Editorial: Bend’s anti-car street parties send the wrong message

Published 12:00 am Saturday, March 10, 2018

Bend is a recreation-focused city populated with a healthy number of alternative-transportation enthusiasts, especially cyclists. For these and other reasons, the city is right to tailor its infrastructure accordingly. The addition of bike lanes, bike boulevards and those share-the-road arrows known as “sharrows” sends a useful message that streets don’t exist solely for the use of people in cars and trucks.

Given this focus on sharing and peaceful coexistence, the city’s continued sponsorship of no-car “Open Streets” events is odd, not to mention counterproductive.
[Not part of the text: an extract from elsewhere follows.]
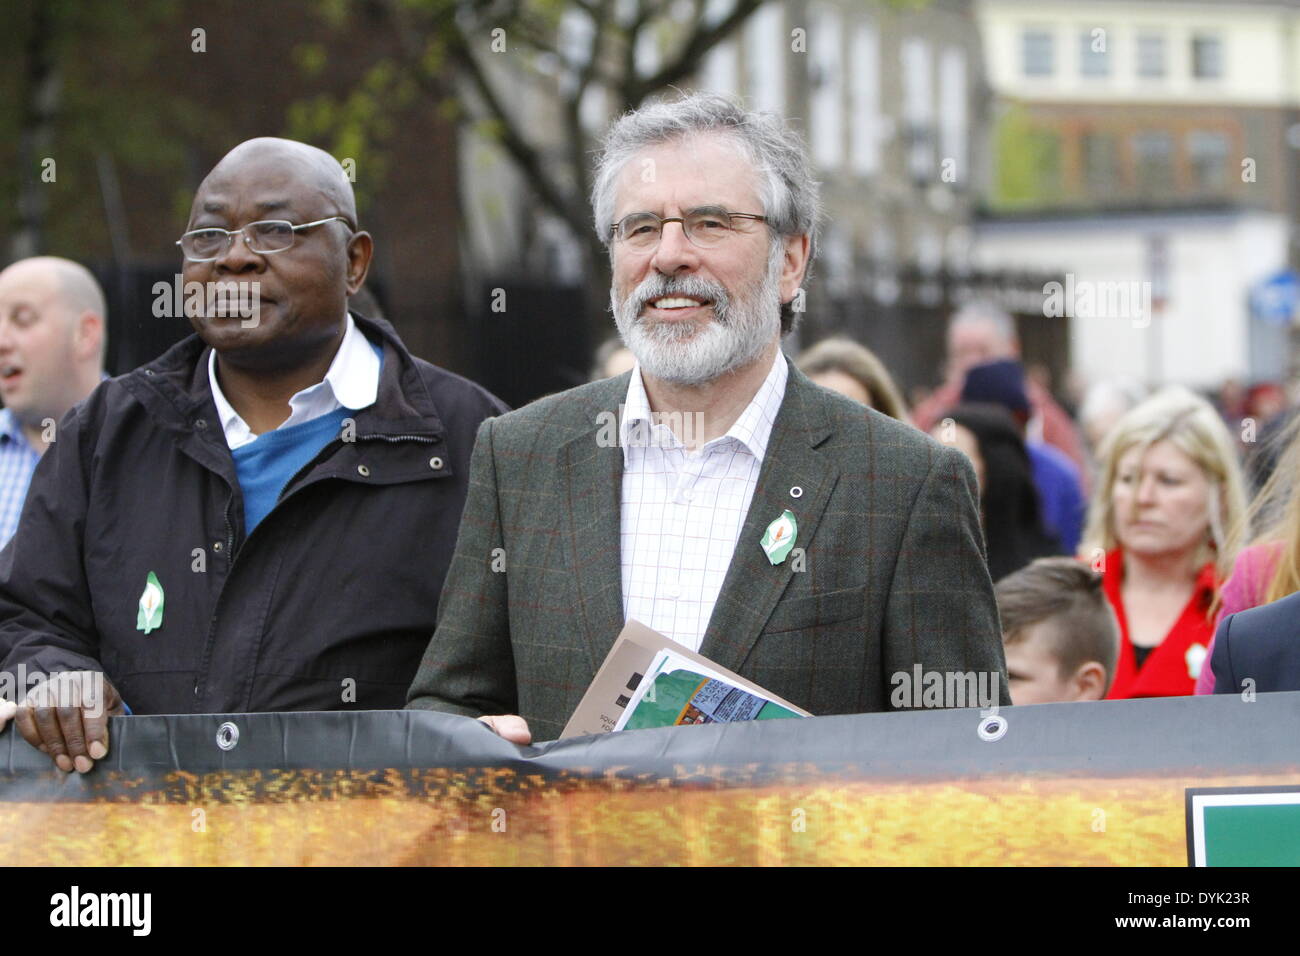 Dublin, Ireland. 20th April 2014. Sinn Fein president Gerry Adams walks on the top of the commemoration march. Sinn Fein president Gerry Adams led the Sinn Fein commemoration of the 98th anniversary of the Easter Rising of 1916. The party supporters marched from the Garden of Remembrance to the General Post office (GPO) for a rally. Credit:  Michael Debets/Alamy Live News Stock Photo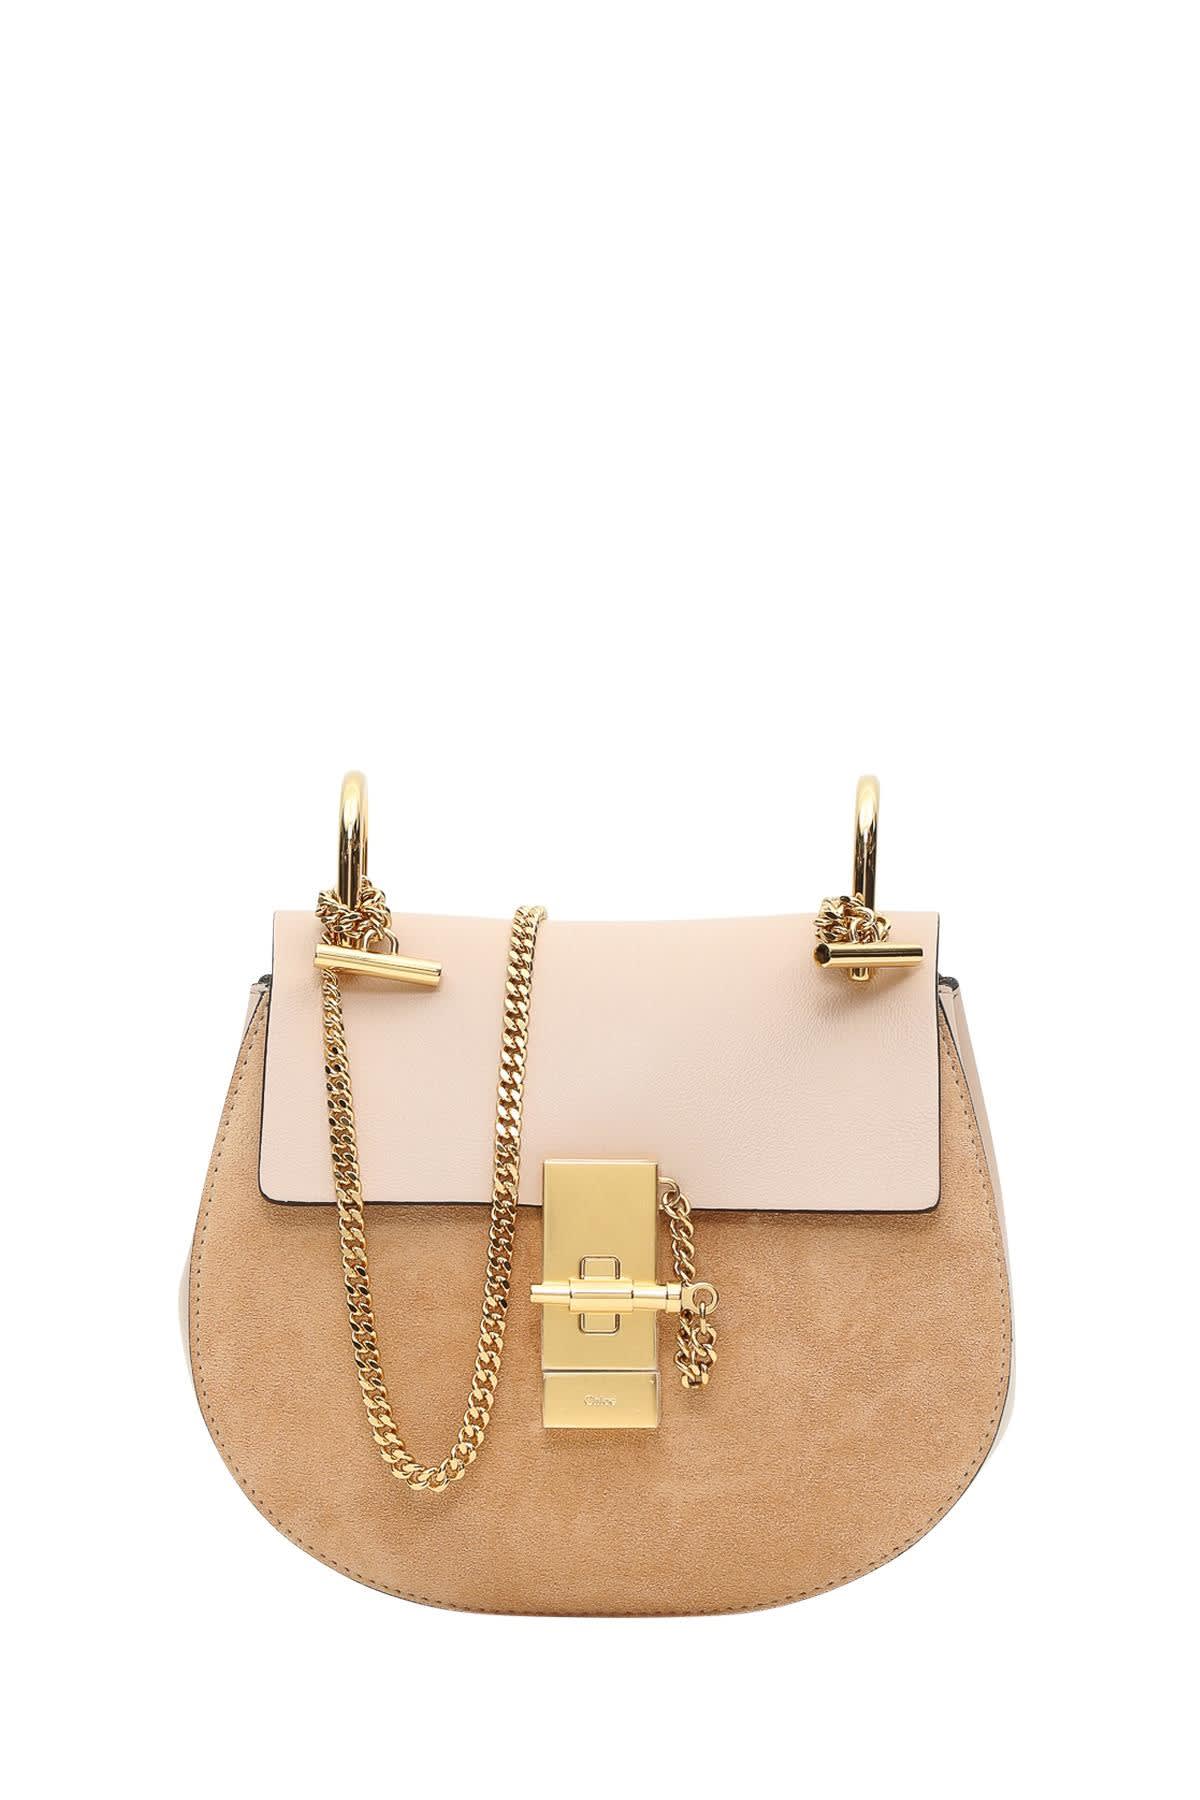 Chloé Leather And Suede Drew Mini Shoulder Bag

Commute Options, the city’s Open Streets contractor, has filed plans for the next publicly funded road shutdown, to take place two months from now on a roughly rectangular course just north of the Colorado-Arizona couplet.

The city pays Commute Options $45,000 to stage two Open Streets events per year, which means that Bend residents will cough up $5,625 per hour for the privilege of not driving on portions of Delaware, Staats, Hill and Georgia between noon and 4 p.m. on May 13. People who live on those streets will be encouraged to park on adjacent streets so as not to create problems.

The impact of any four-hour event, for good or ill, is bound to be modest. It’s true, meanwhile, that Open Streets events enjoy support among alternative-transportation/anti-car advocates. Still, it’s money badly spent.

Rather than patting themselves on the back for supporting environmentally and socially commendable causes, city councilors should be asking themselves whether they’re using the public’s money effectively. Does it really make sense to spend $22,500 on an alternative-transportation event that preaches to the anti-car choir even as it subtly alienates the very people whose support the city really needs?

Those other people are the ones who drive cars and trucks, and they might think better of cyclists, pedestrians and so on if they weren’t treated as pariahs on their own streets and at their own expense. There’s an in-your-face quality to Open Streets that simply isn’t useful if the city’s goal is to encourage respectful coexistence by motorists, cyclists and others.

When the city’s current contract with Commute Options expires, the council should consider spending the $45,000 that now funds Open Streets events on something more productive. How about additional bike-lane striping?